Bool Clause Ordering
// HARDENED: Order filter clauses from most selective to least selective
// OpenSearch evaluates filters in order and short-circuits on the first
// non-match within a document.
.filter(f -> f.term(t -> t.field("tenant_id").value(tenantId))) // 2% of docs
.filter(f -> f.term(t -> t.field("status").value("published"))) // 90% of remaining
.filter(f -> f.range(r -> r.field("published_date").gte(JsonData.of("2023-01-01")))) // 60% of remaining
The most selective filter (tenant_id, matching 2% of documents) eliminates 98% of documents before the less selective filters execute. Reversing the order would force the range filter to evaluate all documents before the term filter eliminates most of them.
The Measurement
Query optimization impact on p50 latency (50,000 matching documents, returning top 10):
| Optimization | p50 Latency | p99 Latency | Improvement |
|---|---|---|---|
| function_score on all matches | 180ms | 420ms | Baseline |
| Rescore (window=100) | 35ms | 95ms | 80% faster |
| + Filter context for non-scoring | 28ms | 72ms | 84% faster |
| + Selective filter ordering | 24ms | 65ms | 87% faster |
The combined optimizations reduce p50 latency by 87%. The rescore optimization alone provides the largest single improvement by reducing the scoring computation from 50,000 documents to 100.
The Decision Rule
Use rescore when the scoring function involves decay, field_value_factor, or script_score. Set the rescore window to 10x the requested result size. A window of 100 for a result size of 10 provides sufficient candidate diversity while limiting the scoring cost.

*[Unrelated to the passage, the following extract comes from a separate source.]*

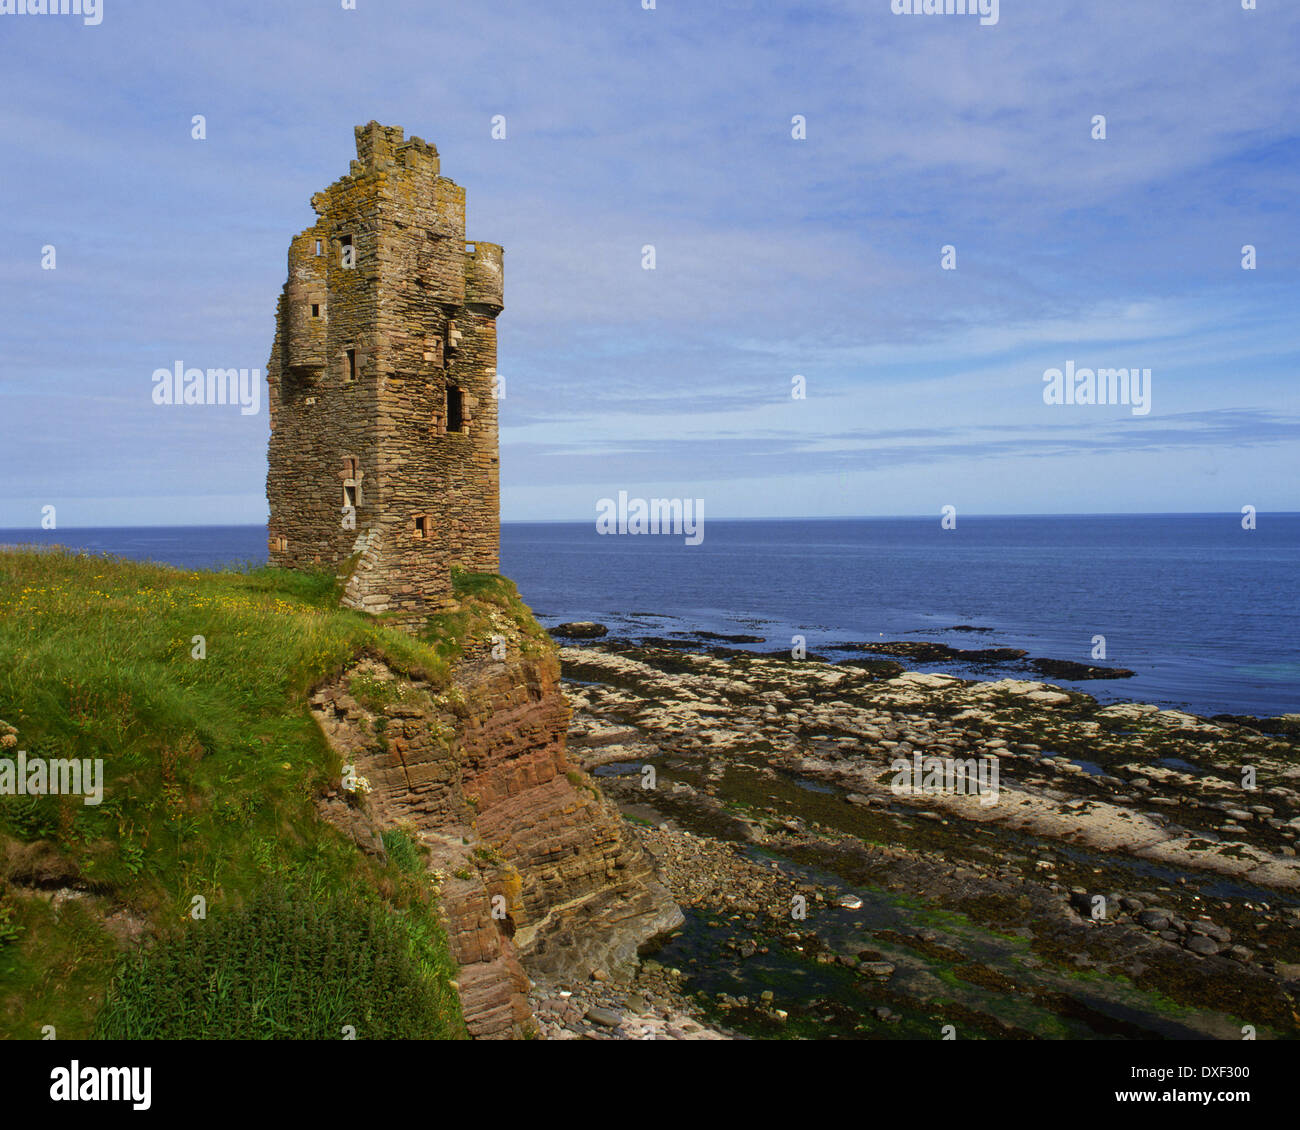 Keiss antiguo castillo, un castillo del siglo XVI encaramado sobre los altos acantilados en la costa de Caithness, N/E Escocia. Foto de stock
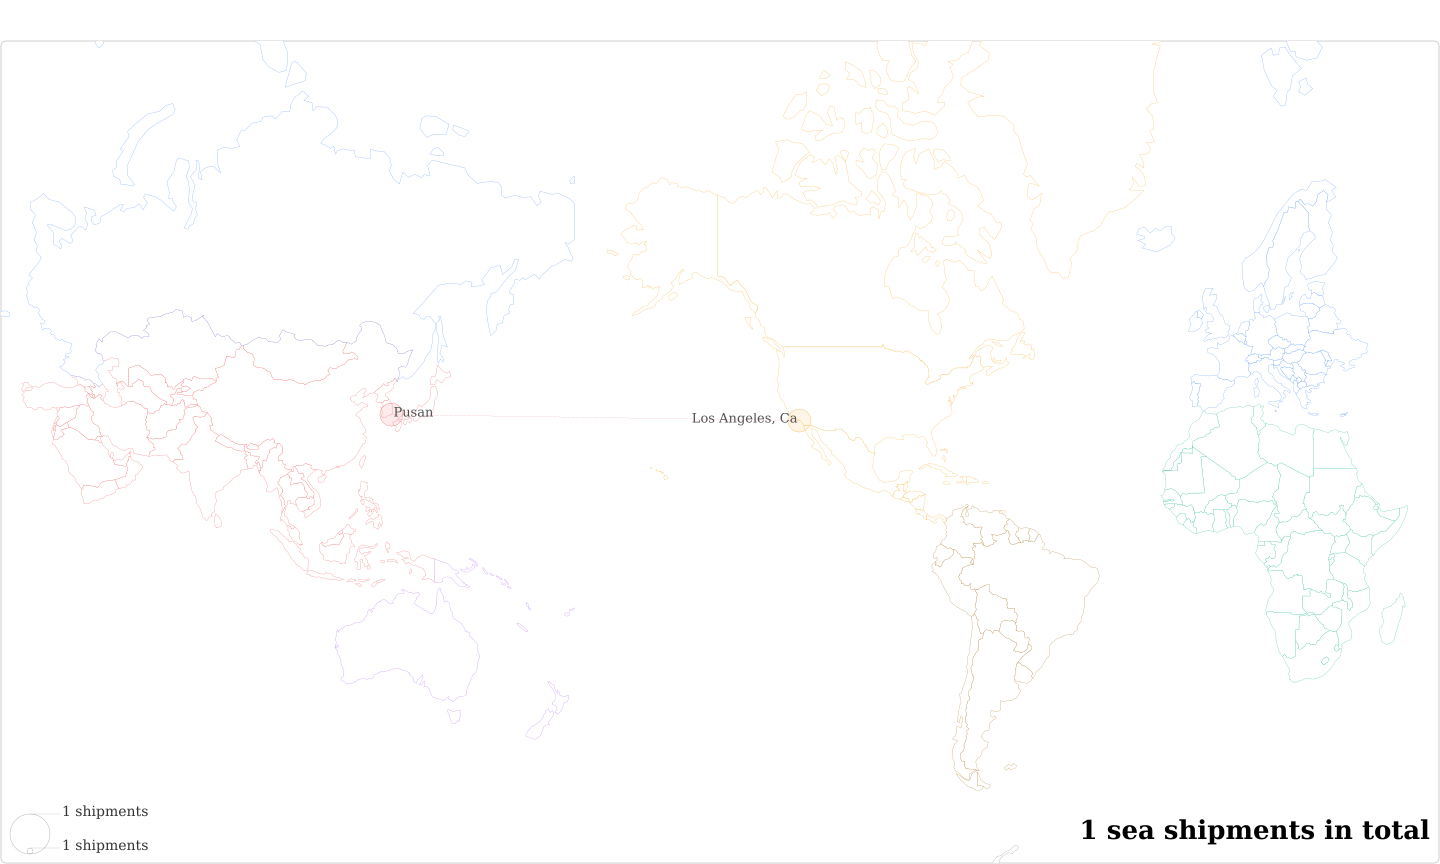 Abc Restaurant Equipmentco's Imports Per Country Map

Move every clause that does not affect ranking to filter context. This includes tenant filters, status filters, date range filters, and access control filters. Filter context clauses are cached and add negligible cost after the first execution.
Order filter clauses from most selective to least selective. The first filter that eliminates the most documents provides the largest benefit to subsequent filters and the scoring query.